Now the trouble is, when you finally decide it's just not worth arguing with them any more, they turn around and call you dogmatic or closed-minded!
My question to you, which I would appreciate if you would actually answer this time, is: What should you do in that case? Continue to argue with each new one, just so they won't call you dogmatic? Or not? And if not, are you, in fact, *being* dogmatic?
Now, to address your points above, in light of the analogy I've just given:
1) I'm not even going to dignify this with a direct response. I've said nothing which warrants this accusation on your part. Please show me where in my previous email I said anything supporting your implication.
2) Your basic claim here is incorrect. My sun example is a case where your scientific understanding allows you to predict and explain (i.e., to understand!) your observations about the sun and stars. I said nothing about a proof of negatives; in fact it is simply Occam's razor, which really just comes down to probabilities of hypotheses, that says your successfully predictive/explanatory theory is substantially more likely to be correct than the huge and ad-hoc system the earth-centrics would need to construct in order to remain consistent with the same amount of evidence.

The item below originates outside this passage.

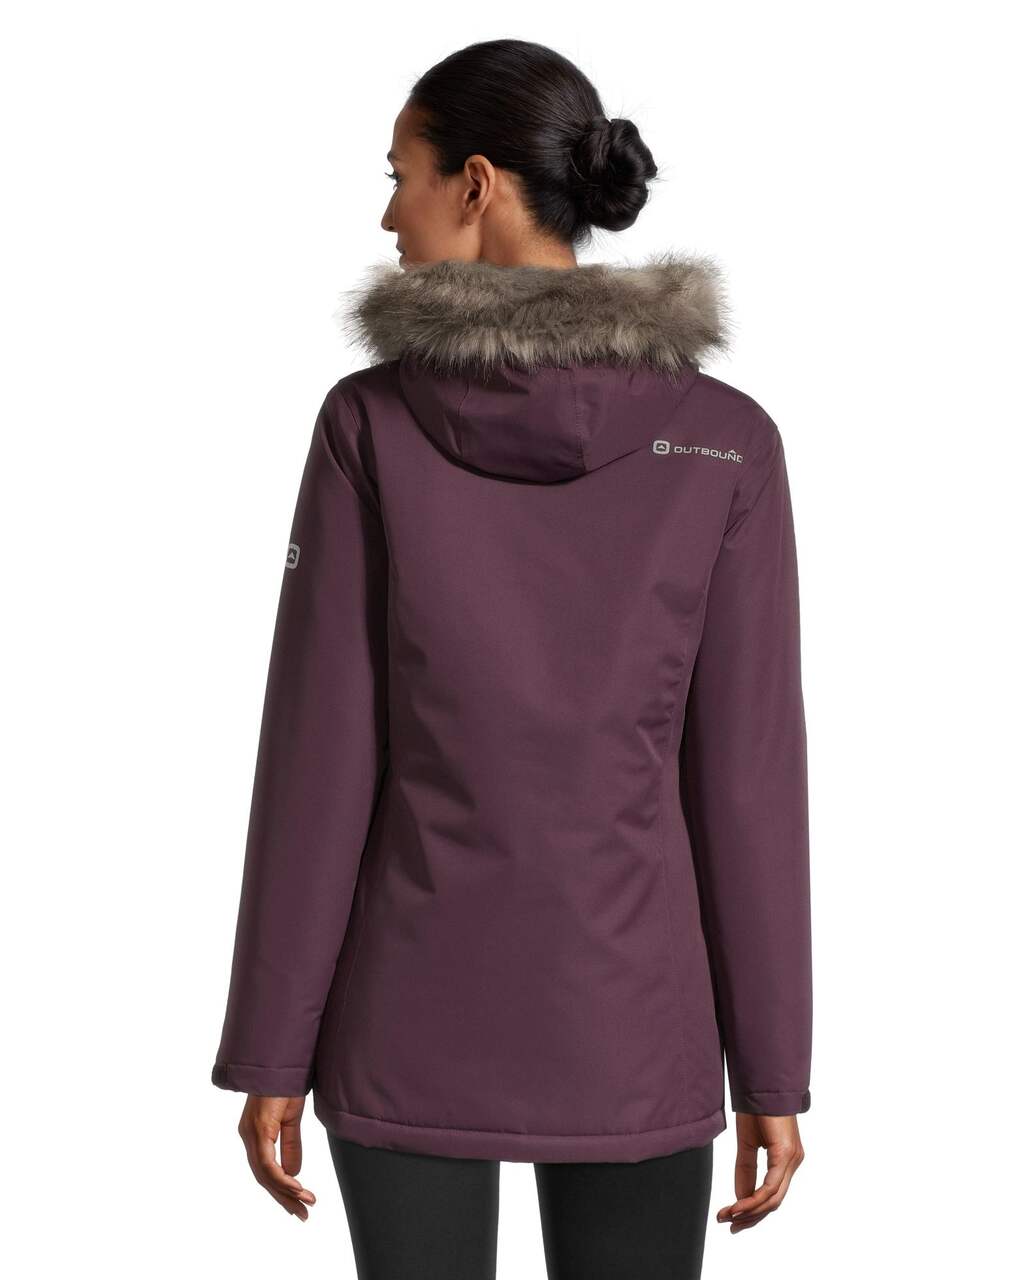 Outbound Women's Ramble Insulated Waterproof Winter Parka Jacket Faux Fur  Trim Hood, Plum

But, in the vein of your implication, and FYI:
Quite analogous to the sun example, I *do* have a fairly firm understanding of the science and principles which lead to every phenomina that has been brought to me as an example of mystic energies. I.e., to date, no one has shown me, nor have I been able to find on my own, one single bit of evidence or observation which necessitates any theory beyond basic physics and all which is derived from that (which includes everything up to, e.g., psychology and the like, incidentally).
So, my situation is *exactly* like the sun example I gave. You claim there are mystic energies, but everything you point to ("you" in this case includes my entire life's worth of people espousing your position) is not only so much more easily and simply explained by basic physics (and psychology), but is *predictable* from those things, which makes your "mystic energies" claim completely arbitrary, unfounded, and unneeded.

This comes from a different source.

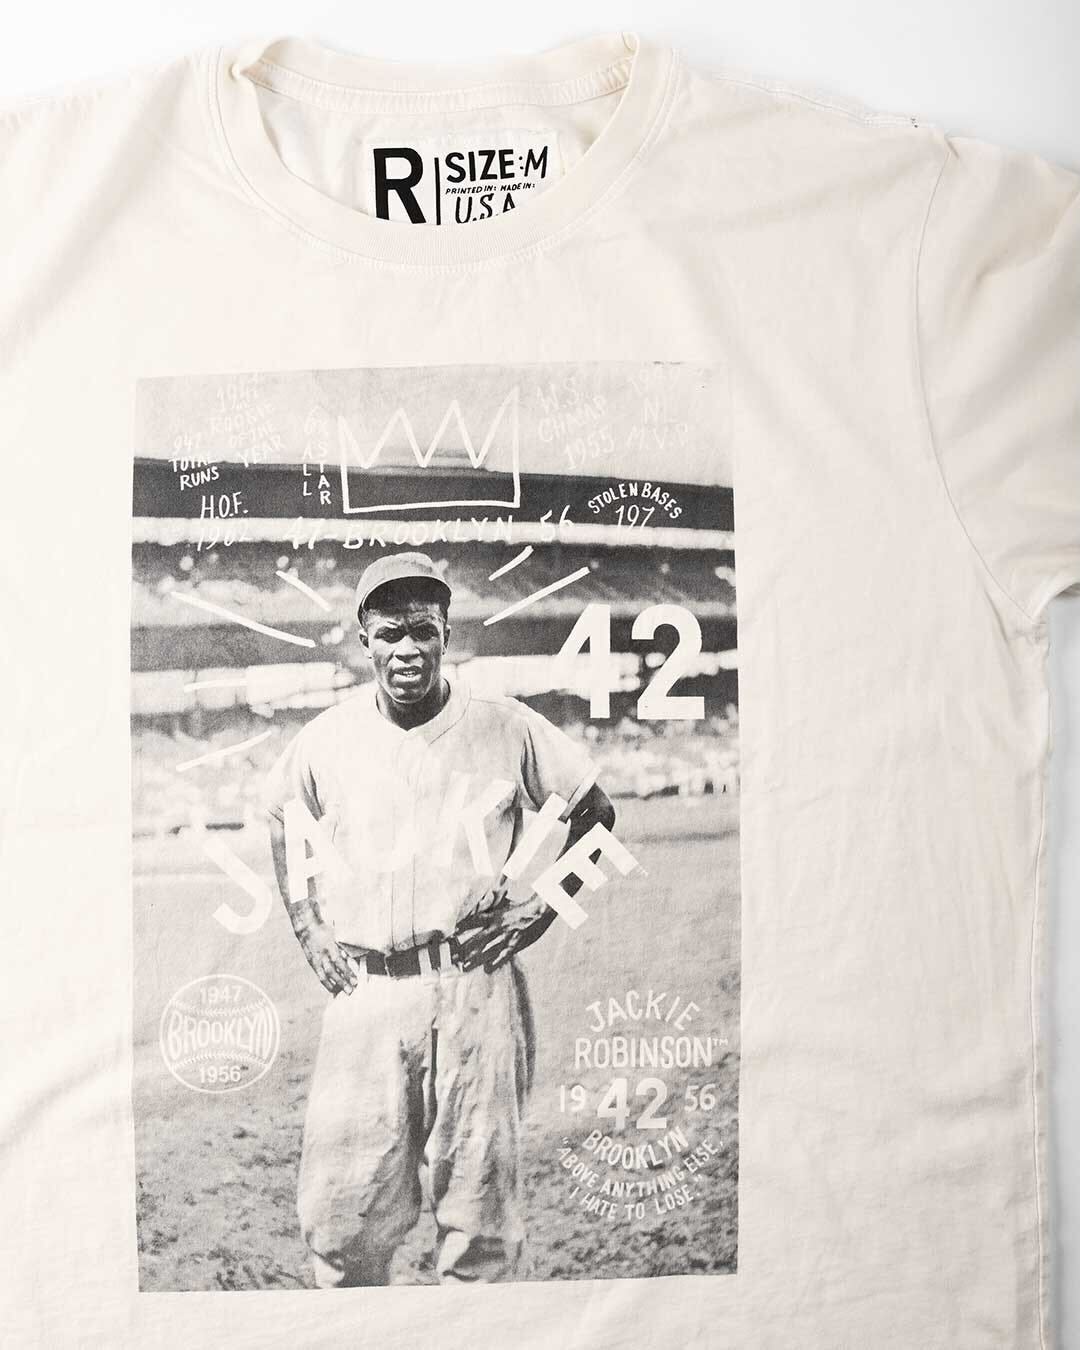 Jackie Robinson #42 Brooklyn Photo Tee - Roots of Fight

*You* should reconsider how much your bias toward mystical beliefs may be preventing you from learning and understanding the elements of physics and psychology which explain the same things. *I* am *not* going to spend the next three years trying to teach you all of that, particularly because you are already biased against learning it. Does this make me "dogmatic"?
To summarize: I am *not* making an apriori claim that mystical energies can not exist. In fact, I take it for granted that there are many many principles of the universe which I am not presently aware of. However, "mystical energies" is not some synonym for "things we don't yet understand" -- the way quantum physics and gravity tie together is something we don't yet understand, but that does not make whatever the truth of it is a mystical energy! "Mystical energy" is a catch-phrase used by people who have a particular set of fanciful ideas in mind, which they believe in for a variety of reasons but all of which, in all of my life's experience, either simply come down to poor observational skills or poor epistemology on their part.
The day you can show me any phenomina which violates my model of the world (which, as pertains to the topic on hand, is based primarily on my understanding of physics and psychology), I will be *thrilled*!!! I *love* discovering new things.
Unfortunately, to date no self-proclaimed mystic has brought me anything new. Can you?